Evaluate the definite integral and it exists

[afcwestwarrior]

a=0, b= pie/3 sin theta/ cos^2 theta

i let u= cos theta
du/dx= -sin theta
-du = sin theta

sin theta/u^2 theta

then i anti differentiated it

-cos theta/ (1/3)(cos)^3 theta
this is where i got stuck

 

[afcwestwarrior]

i know how to do this problem but need help with the antidifferentiation

 

[Hurkyl]

a=0, b= pie/3 sin theta/ cos^2 theta

Did you mean
\int_{0}^{\pi / 3} \frac{ \sin \theta }{\cos^2 \theta}
? If so, that makes no sense: there is a very important part of this notation that has been omitted.

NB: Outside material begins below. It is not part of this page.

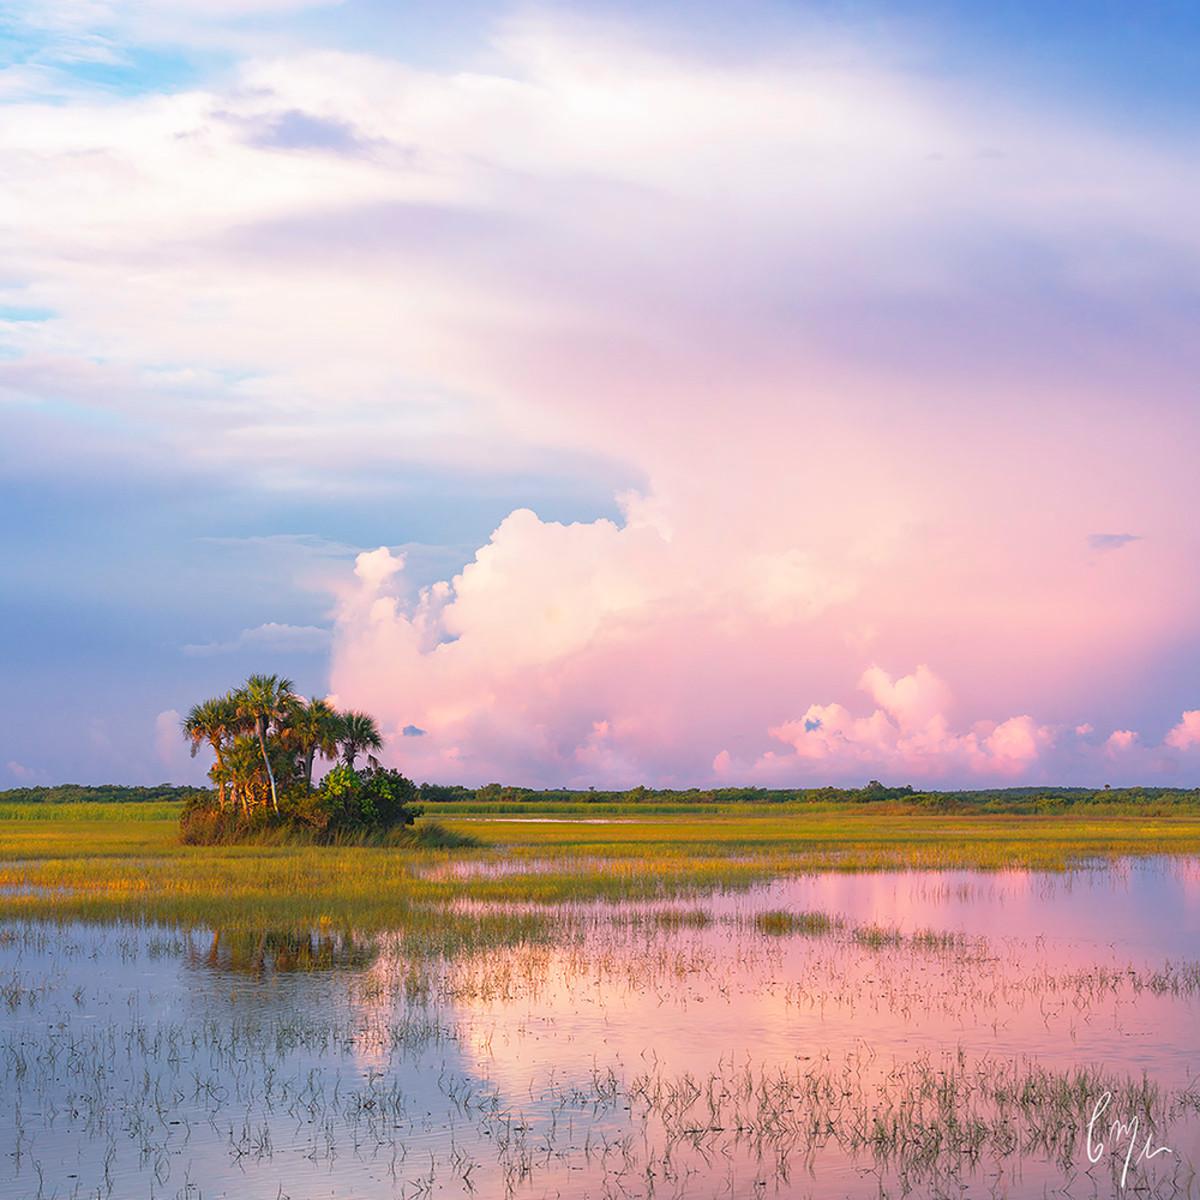 Florida summer upwuqw

It looks like you were doing a substitution -- is there any particular reason why you didn't convert the expression entirely into a function of u?

 

[afcwestwarrior]

yes that is what i meant, the reason is because sin and cos confuse me

 

[2ltben]

I think I had this same problem not too long ago. sin(u)/cos(u) is a trig property that equals tan(u), and 1/cos(u) is the definition of sec(u). Therefore, the problem condenses to tan(u)sec(u)du, which you should recognize if you're on up to integration in your studies.